Whether large or small, groups of Christian men getting together offer the chance for men to get down on their knees together and pray the way men pray. Men and women pray differently, and it is to the shame of men that the prayers groups in most churches are comprised almost entirely of elderly women.

In reference to those Bible verses above, division is a bad thing. And Christian men are too often divided/separated by the world. We have believed lies about responsibilities that prevent us from getting together, and the result is that the Church limps along because men are off being individuals at a time when we should be united.
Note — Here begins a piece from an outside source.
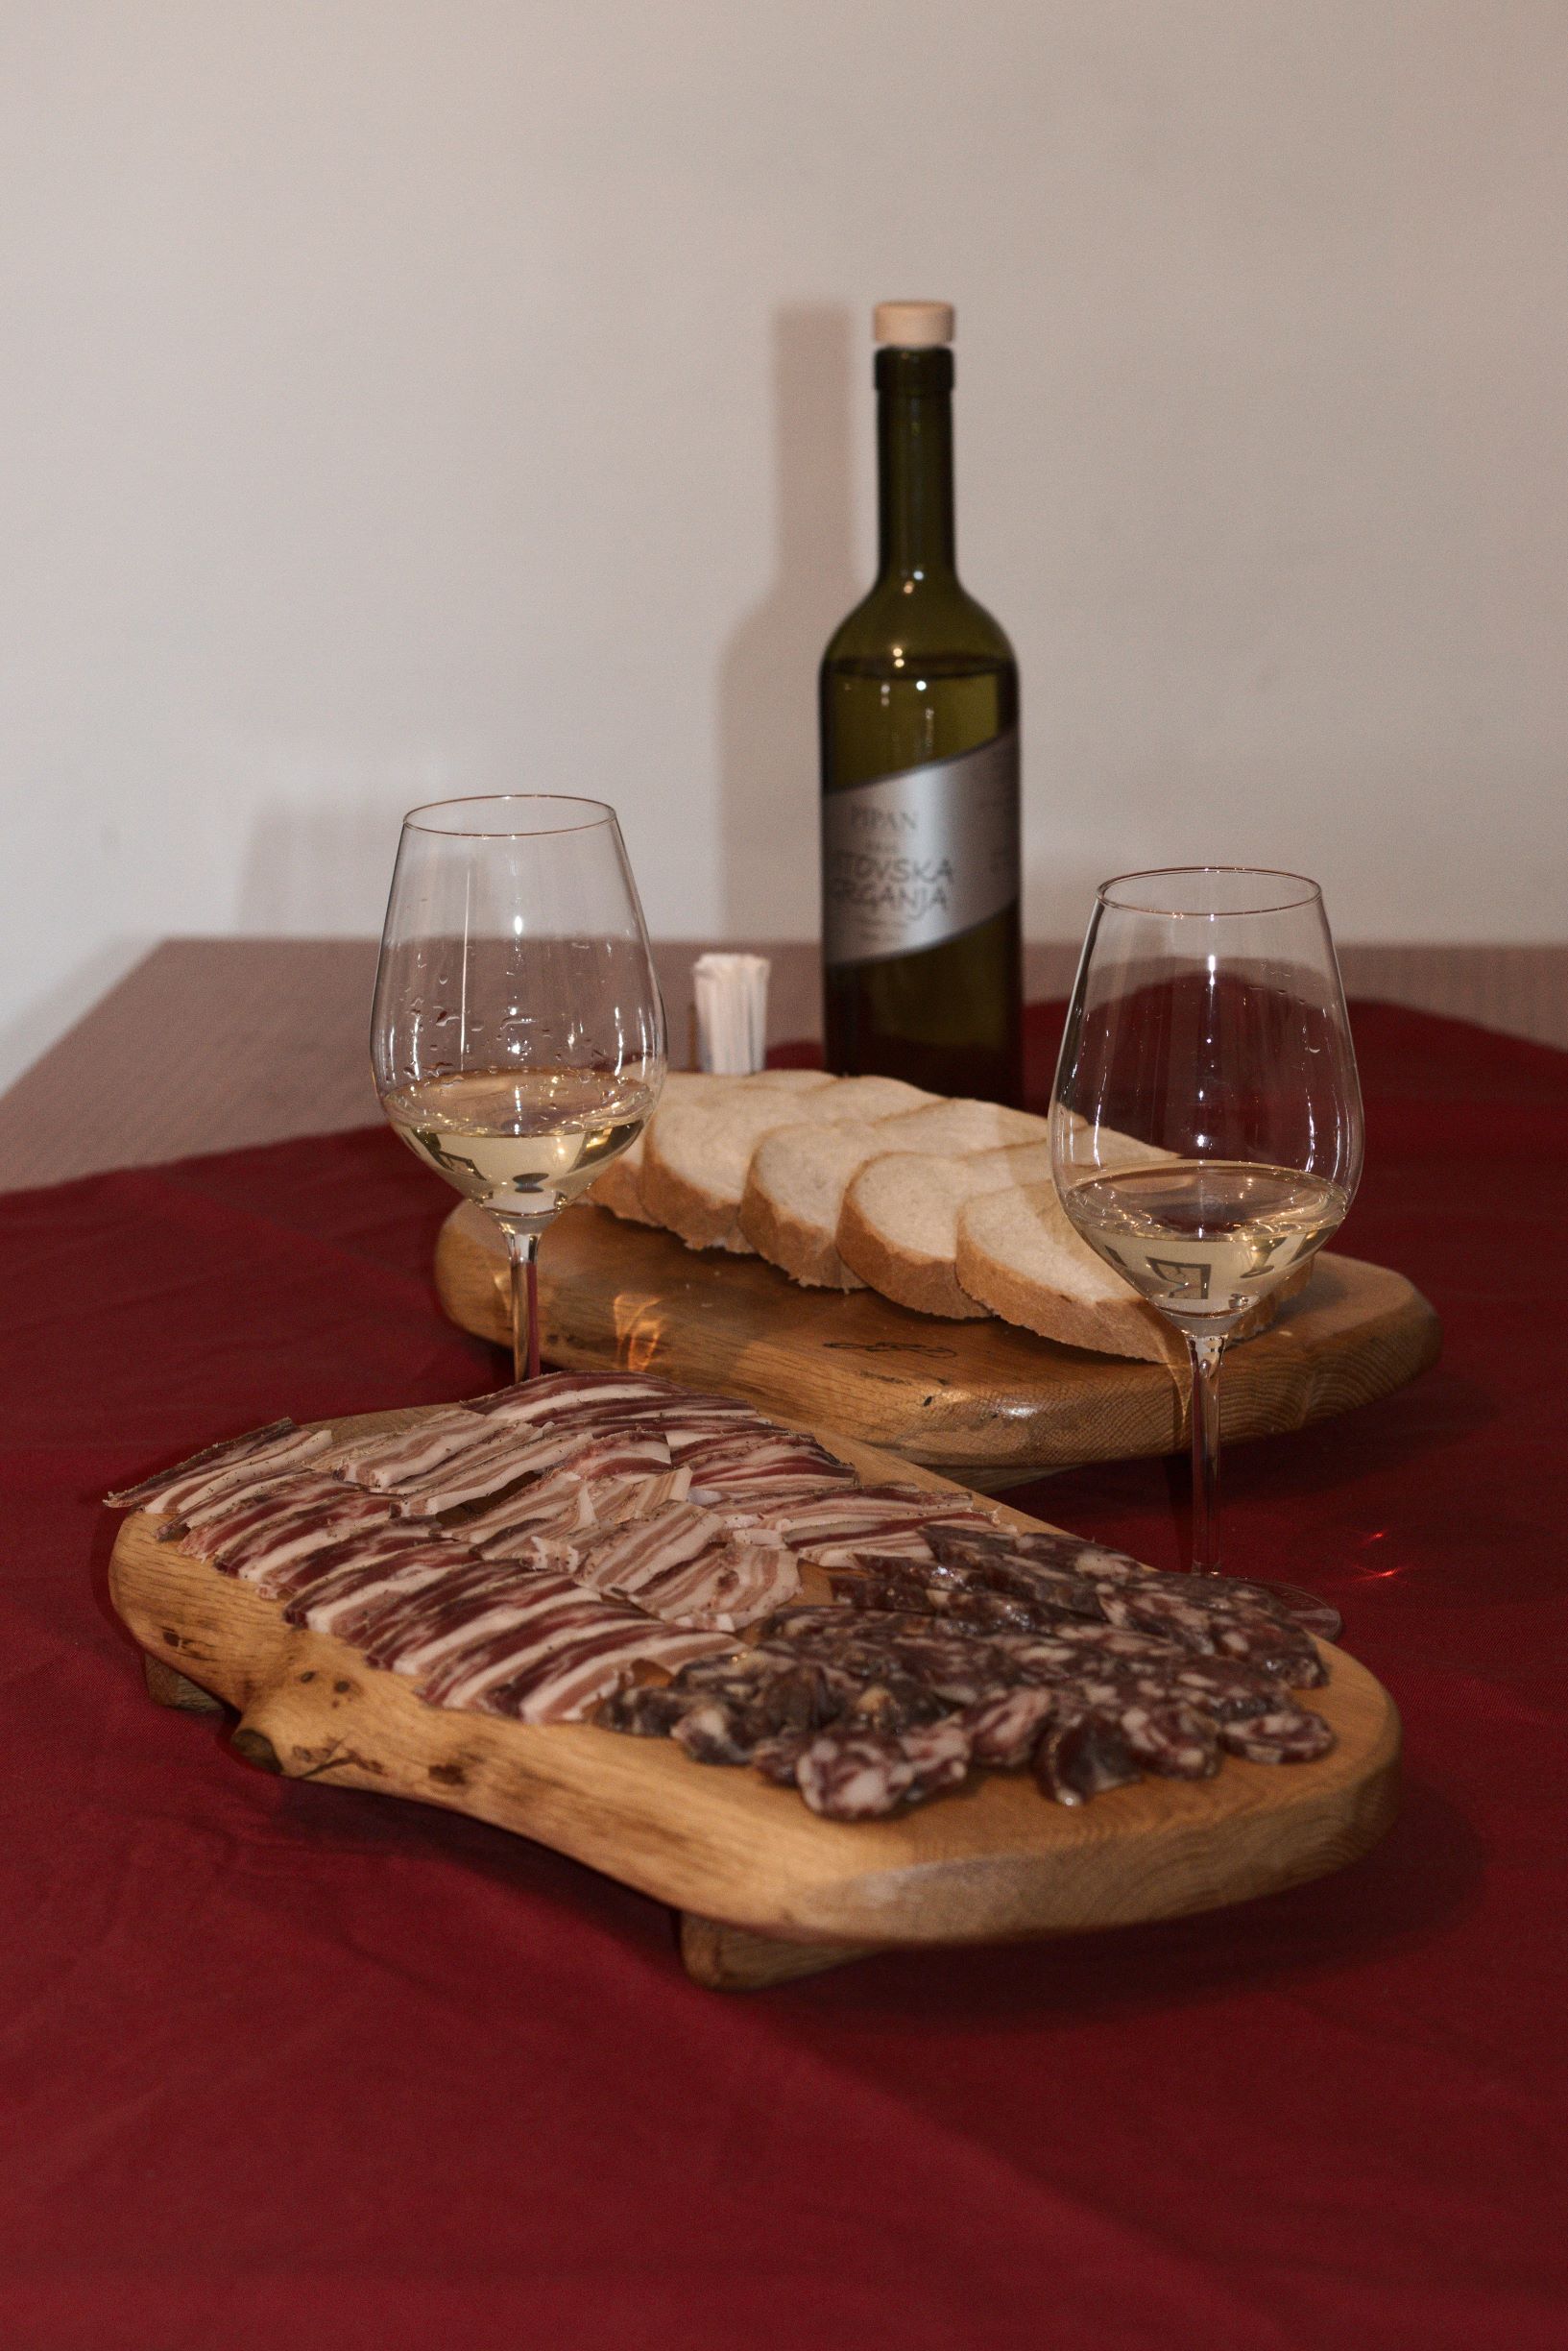 Vinogradništvo in vinarstvo Pipan – Vodena degustacija vin in ogled kleti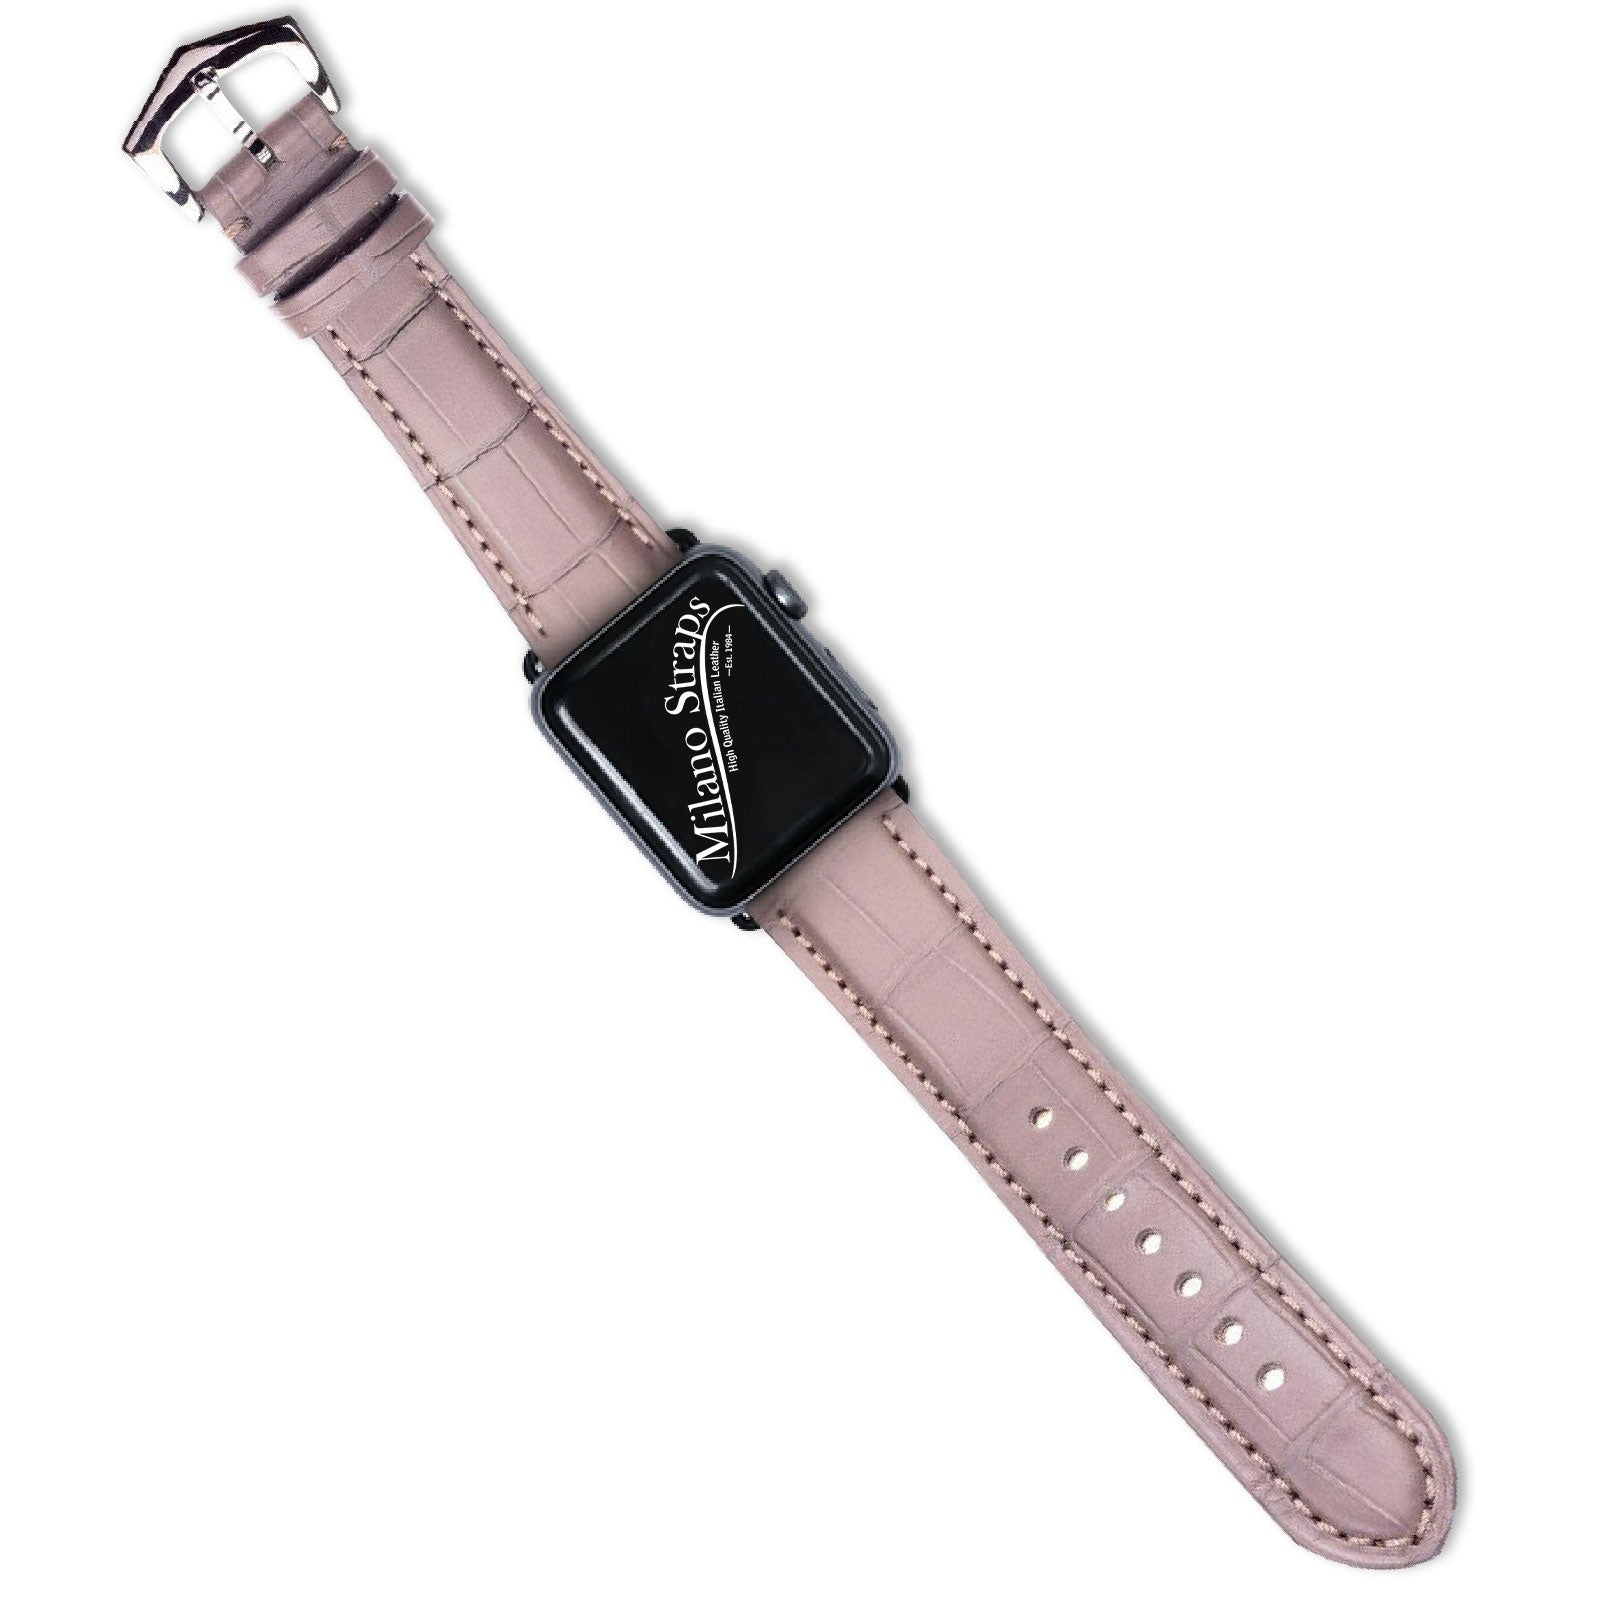 Apple Watch Leather Band ™ Grey Matt Alligator Watch Strap - Milano Straps

A house divided cannnot stand. Keep men apart; that’s the Enemy’s strategy.

Back in the 1990s, the whole men’s movement was a welcome awakening, but it was so heavily commercialized that it was doomed to fail. Too many moneychangers saw it as an opportunity to make some moolah, and love of money has a way of dooming many worthwhile Christian ministries.

In addition, the men’s movement of the 1990s was too national. It needed to be localized, and it never was, so it was doomed there too.

Christian men don’t need a commercialized, national movement. We need to cultivate friendships with other men on a local level. And as Christians, we need to rediscover what it means to be standing in the gap and covering each other’s backs.

Time is running out for us to do this. But too few recognize this because we are not getting together to discuss and counter it in the way that only Christian men can.